In this example, we will read in a configuration from an MD simulation and then calculate the coordination number distribution. This example assumes that you read the basic example.

import pyscal.core as pc
import numpy as np
import matplotlib.pyplot as plt

Read in a file

The first step is setting up a system. We can create atoms and simulation box using the crystal_structures module. Let us start by importing the module.

import pyscal.crystal_structures as pcs

atoms, box = pcs.make_crystal('bcc', lattice_constant= 4.00, repetitions=[6,6,6])

The above function creates an bcc crystal of 6x6x6 unit cells with a lattice constant of 4.00 along with a simulation box that encloses the particles. We can then create a System and assign the atoms and box to it.

sys = pc.System()
sys.atoms = atoms
sys.box = box

Calculating neighbors

We start by calculating the neighbors of each atom in the system. There are two ways to do this, using a cutoff method and using a voronoi polyhedra method. We will try with both of them. First we try with cutoff system - which has three sub options. We will check each of them in detail.

Cutoff method

Cutoff method takes cutoff distance value and finds all atoms within the cutoff distance of the host atom.

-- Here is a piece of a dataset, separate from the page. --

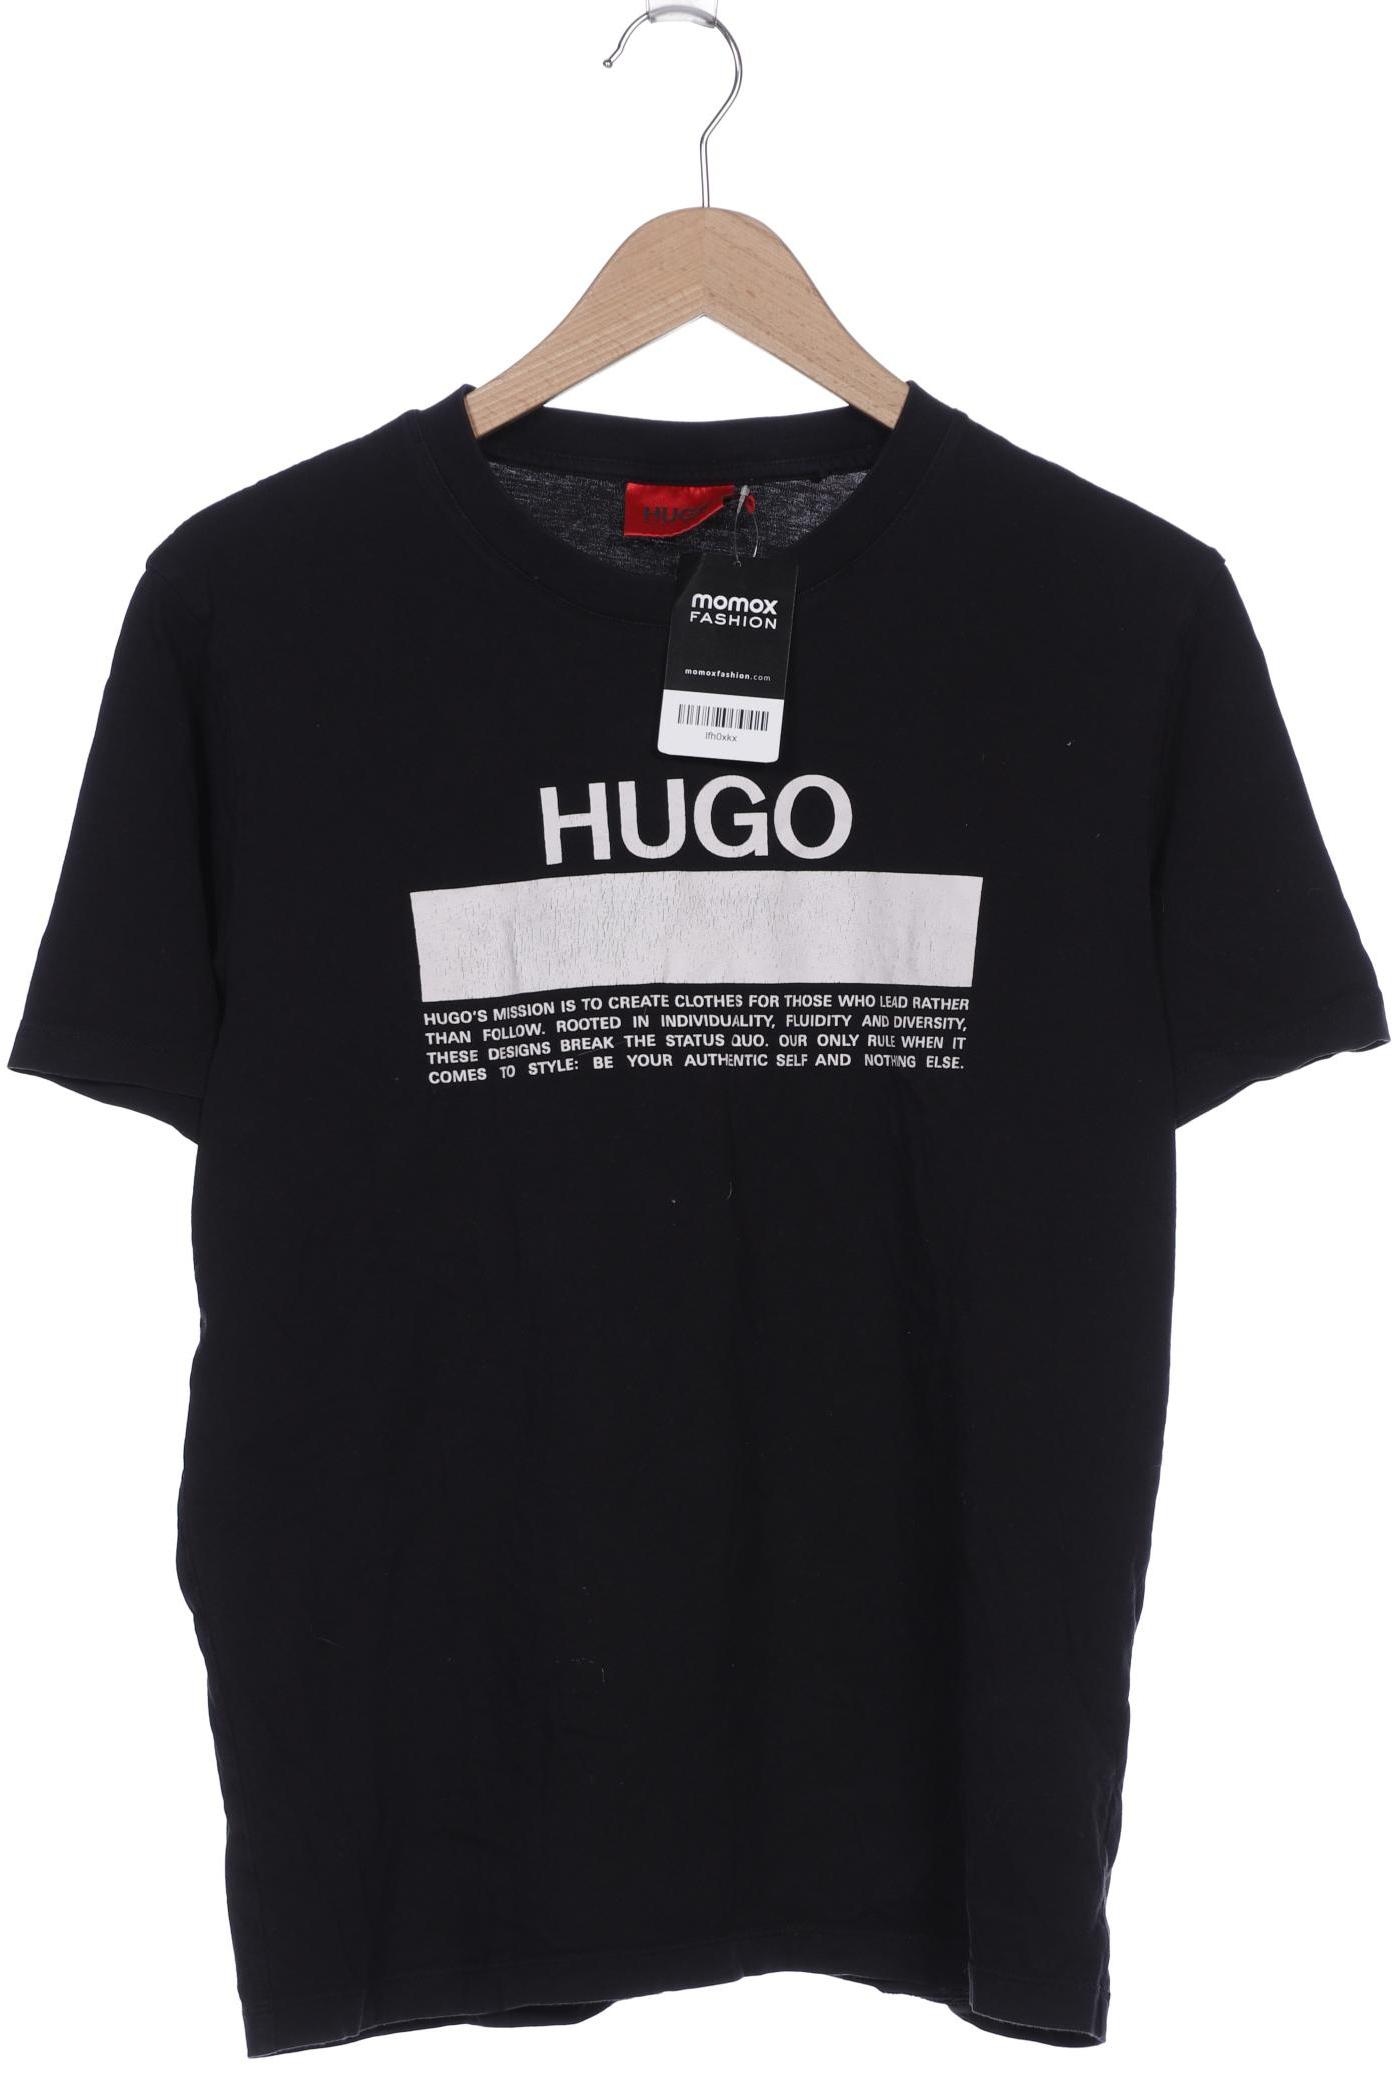 HUGO by Hugo Boss Herren T-Shirt, schwarz von HUGO by Hugo Boss

sys.find_neighbors(method='cutoff', cutoff=4.1)

Now lets get all the atoms.

atoms = sys.atoms

let us try accessing the coordination number of an atom

atoms[0].coordination

14

As we would expect for a bcc type lattice, we see that the atom has 14 neighbors (8 in the first shell and 6 in the second). Lets try a more interesting example by reading in a bcc system with thermal vibrations. Thermal vibrations lead to distortion in atomic positions, and hence there will be a distribution of coordination numbers.

sys = pc.System()
sys.read_inputfile('conf.dump')
sys.find_neighbors(method='cutoff', cutoff=3.6)
atoms = sys.atoms

We can loop over all atoms and create a histogram of the results

coord = [atom.coordination for atom in atoms]

Now lets plot and see the results

nos, counts = np.unique(coord, return_counts=True)
plt.bar(nos, counts, color="#AD1457")
plt.ylabel("density")
plt.xlabel("coordination number")
plt.title("Cutoff method")

Adaptive cutoff methods

pyscal also has adaptive cutoff methods implemented. These methods remove the restriction on having a global cutoff. A distinct cutoff is selected for each atom during runtime. pyscal uses two distinct algorithms to do this - sann and adaptive. Please check the documentation for a explanation of these algorithms. For the purpose of this example, we will use the adaptive algorithm.

adaptive algorithm

sys.find_neighbors(method='cutoff', cutoff='adaptive', padding=1.5)
atoms = sys.atoms
coord = [atom.coordination for atom in atoms]

Now let us plot

nos, counts = np.unique(coord, return_counts=True)
plt.bar(nos, counts, color="#AD1457")
plt.ylabel("density")
plt.xlabel("coordination number")
plt.title("Cutoff adaptive method")

The adaptive method also gives similar results!

Voronoi method

Voronoi method calculates the voronoi polyhedra of all atoms. Any atom that shares a voronoi face area with the host atom are considered neighbors. Voronoi polyhedra is calculated using the Voro++ code. However, you do not need to install this specifically as it is linked to pyscal.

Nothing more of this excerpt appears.